* SUPPLIED RECORDS:
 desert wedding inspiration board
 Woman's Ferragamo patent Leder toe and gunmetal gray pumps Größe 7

---

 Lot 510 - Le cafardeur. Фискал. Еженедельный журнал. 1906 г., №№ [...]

* * *

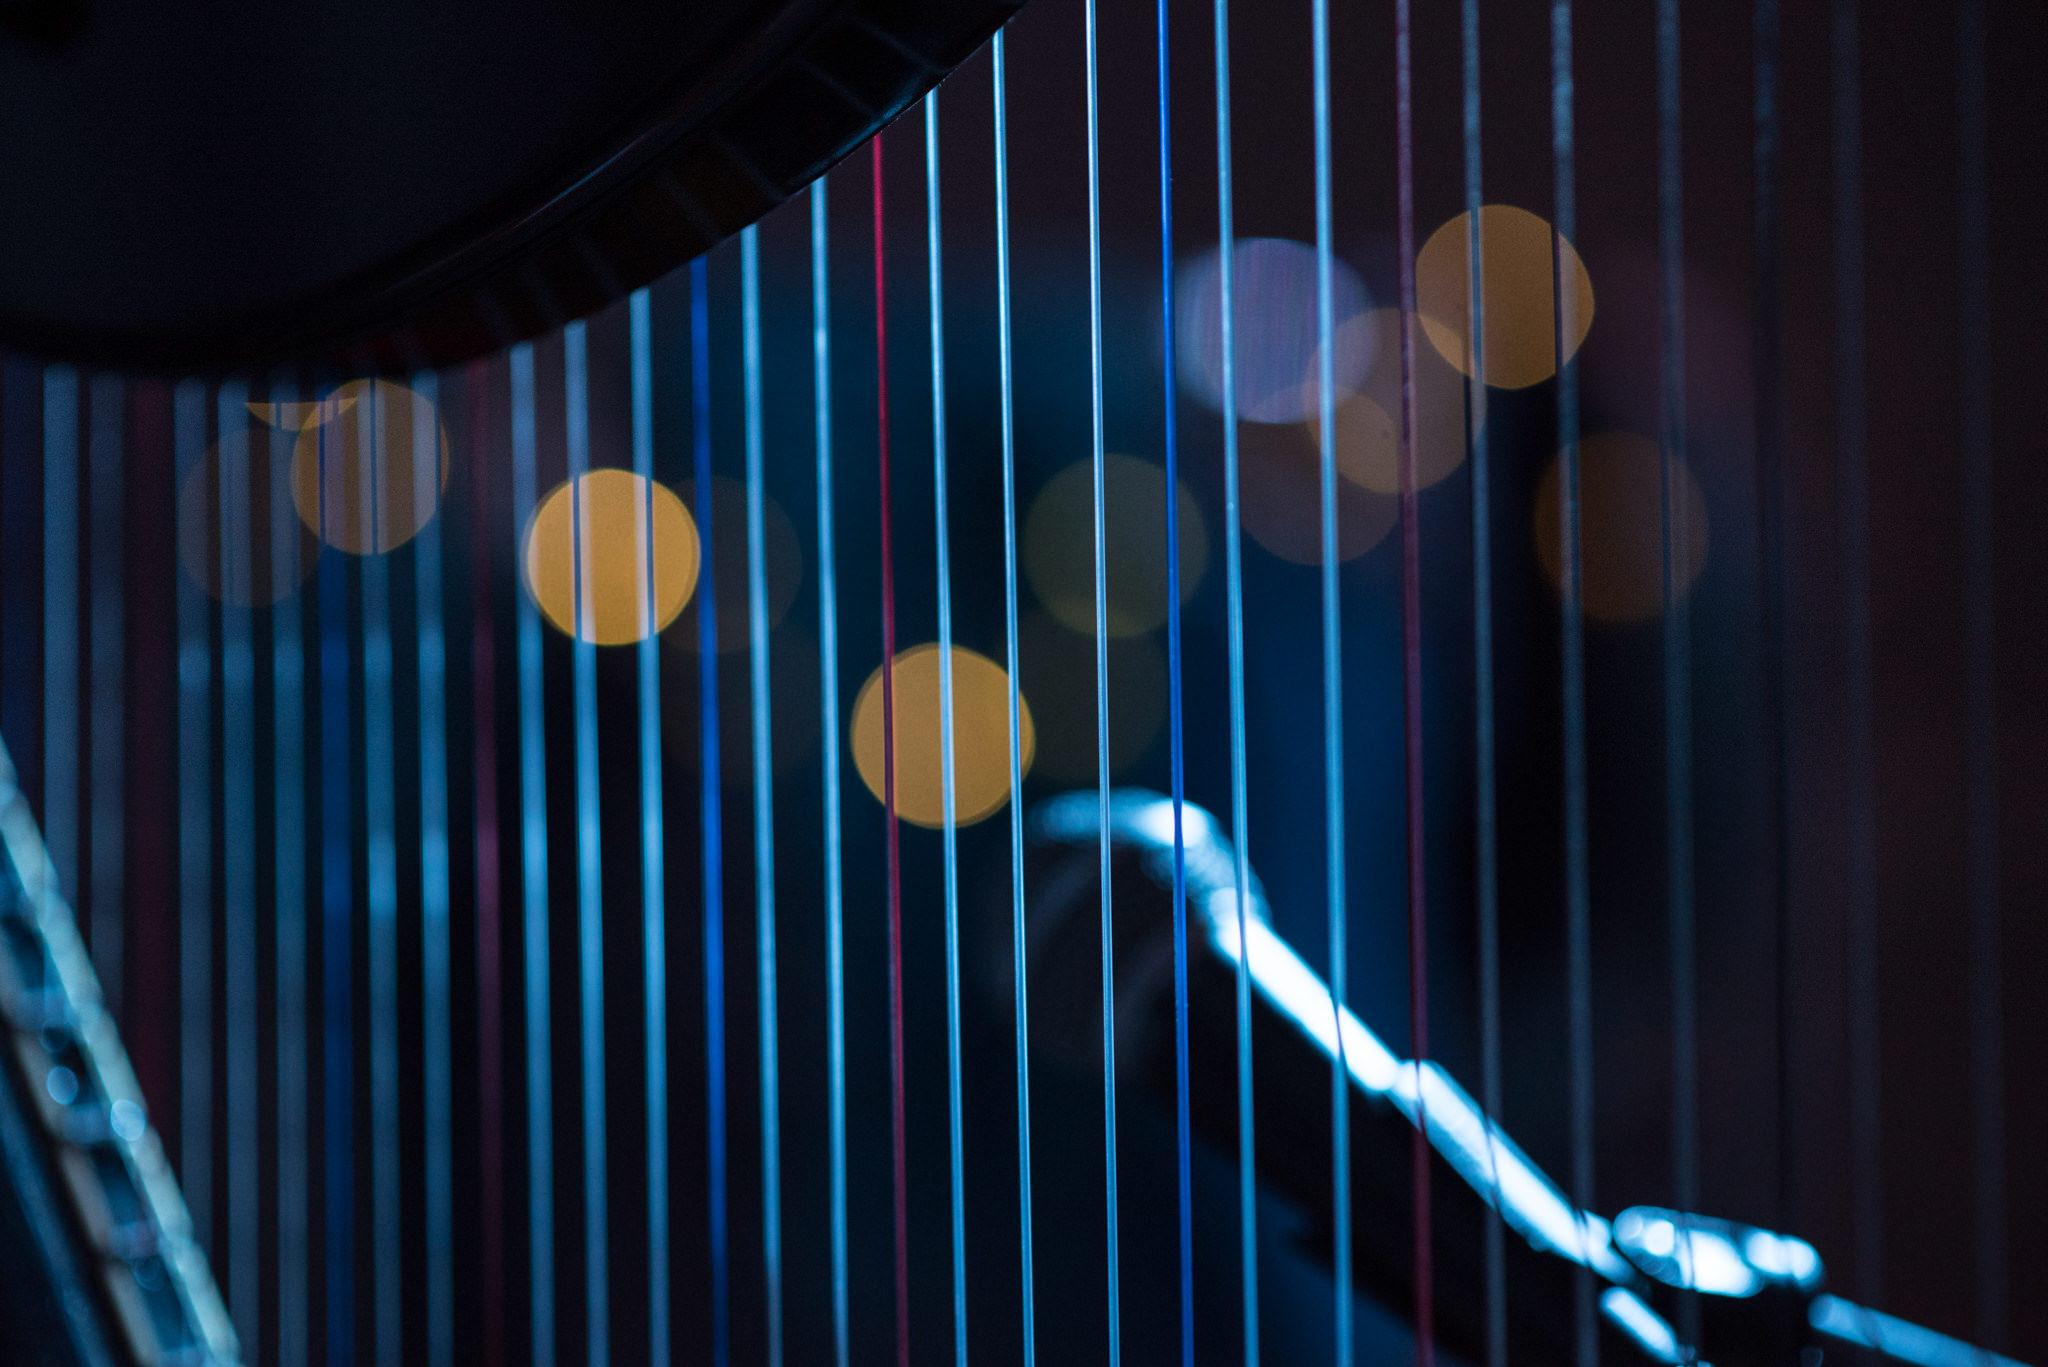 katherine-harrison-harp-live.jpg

* WORK REQUIRED:
Print exactly the lines above, between the one holding "desert wedding inspiration board" and the one holding "Woman's Ferragamo patent", inclusive, and nothing besides.

* RESULT FOR THIS TASK:
 desert wedding inspiration board
 Woman's Ferragamo patent Leder toe and gunmetal gray pumps Größe 7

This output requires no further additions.